== ABOUT THIS TASK ==
Pictures must not appear in the copy. Restate exactly the lines below from the one with "Дома призрения в" through the one with "Top Reasons a", inclusive.

== THE DATA ==
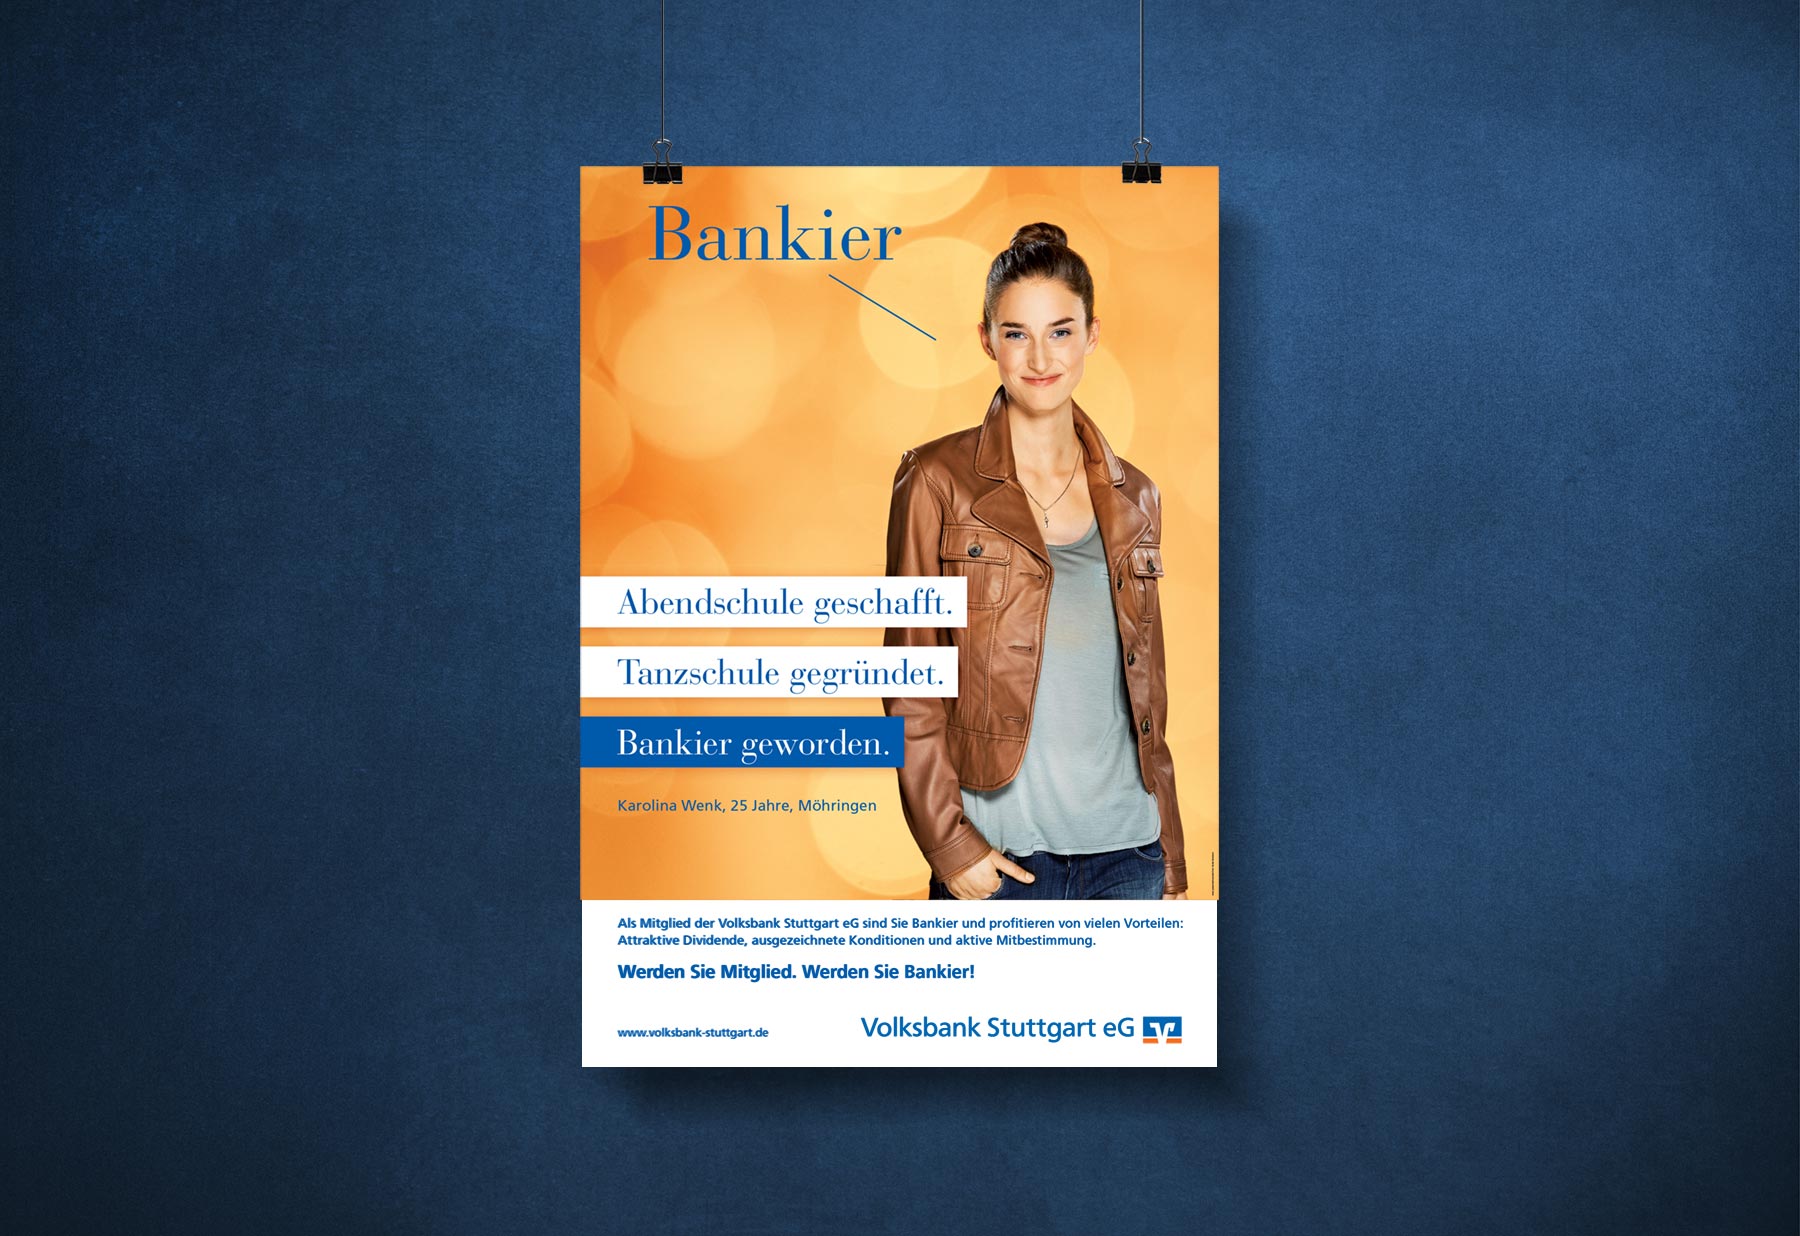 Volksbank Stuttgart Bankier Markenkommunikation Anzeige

* * *

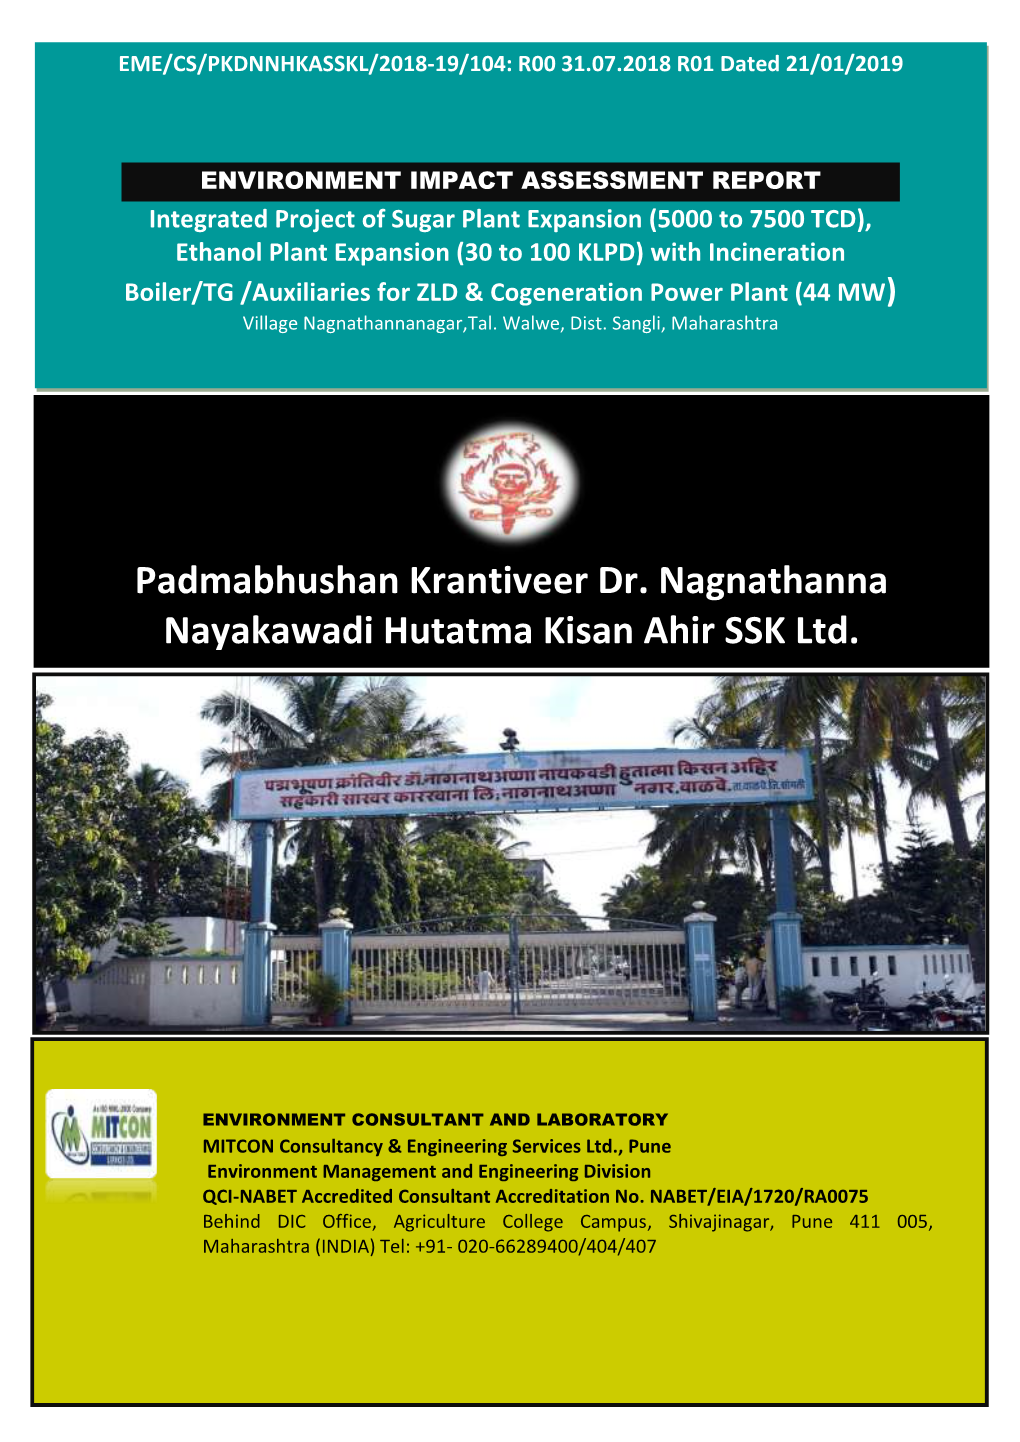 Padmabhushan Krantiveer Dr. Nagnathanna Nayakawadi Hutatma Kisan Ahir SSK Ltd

* * *

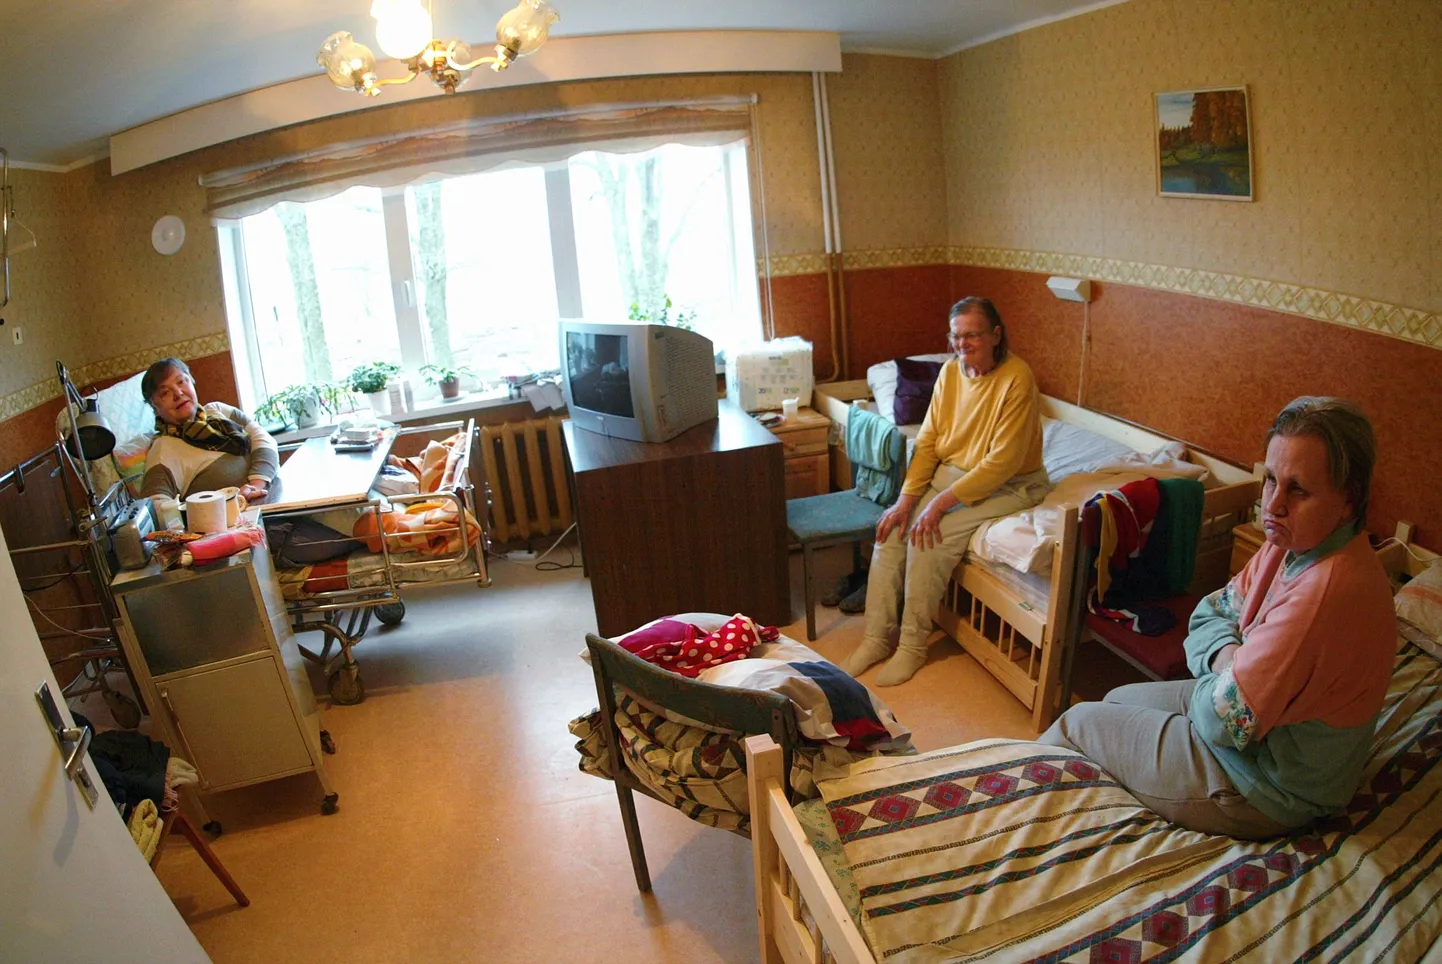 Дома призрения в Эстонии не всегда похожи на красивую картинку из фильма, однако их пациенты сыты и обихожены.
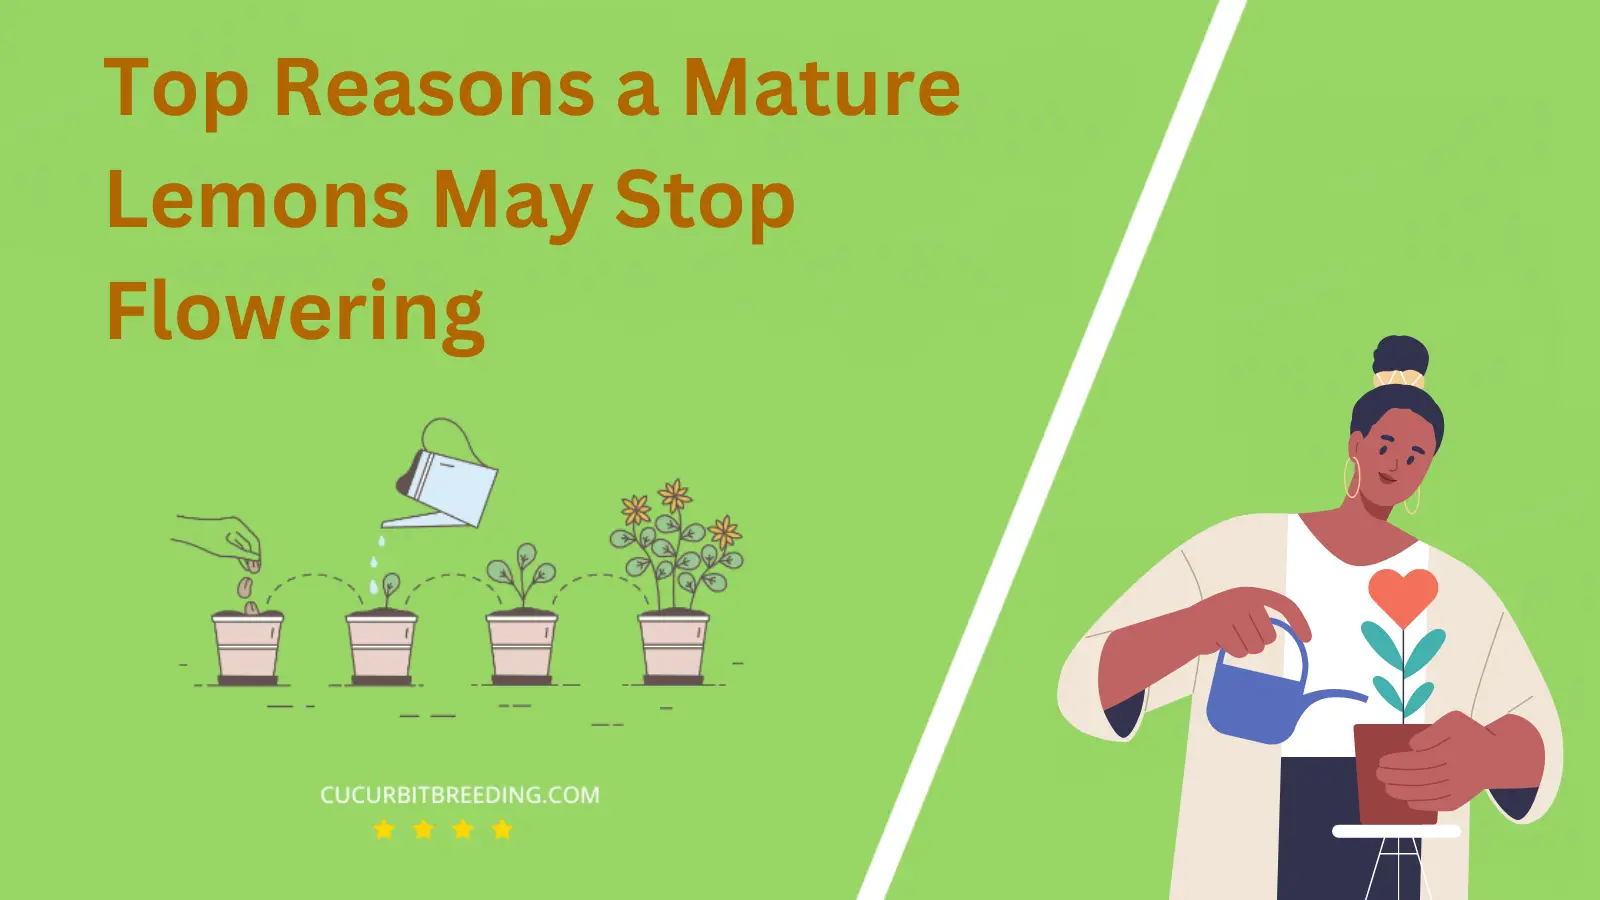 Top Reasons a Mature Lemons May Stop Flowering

== EXERCISE ANSWER ==
 Дома призрения в Эстонии не всегда похожи на красивую картинку из фильма, однако их пациенты сыты и обихожены.
 Top Reasons a Mature Lemons May Stop Flowering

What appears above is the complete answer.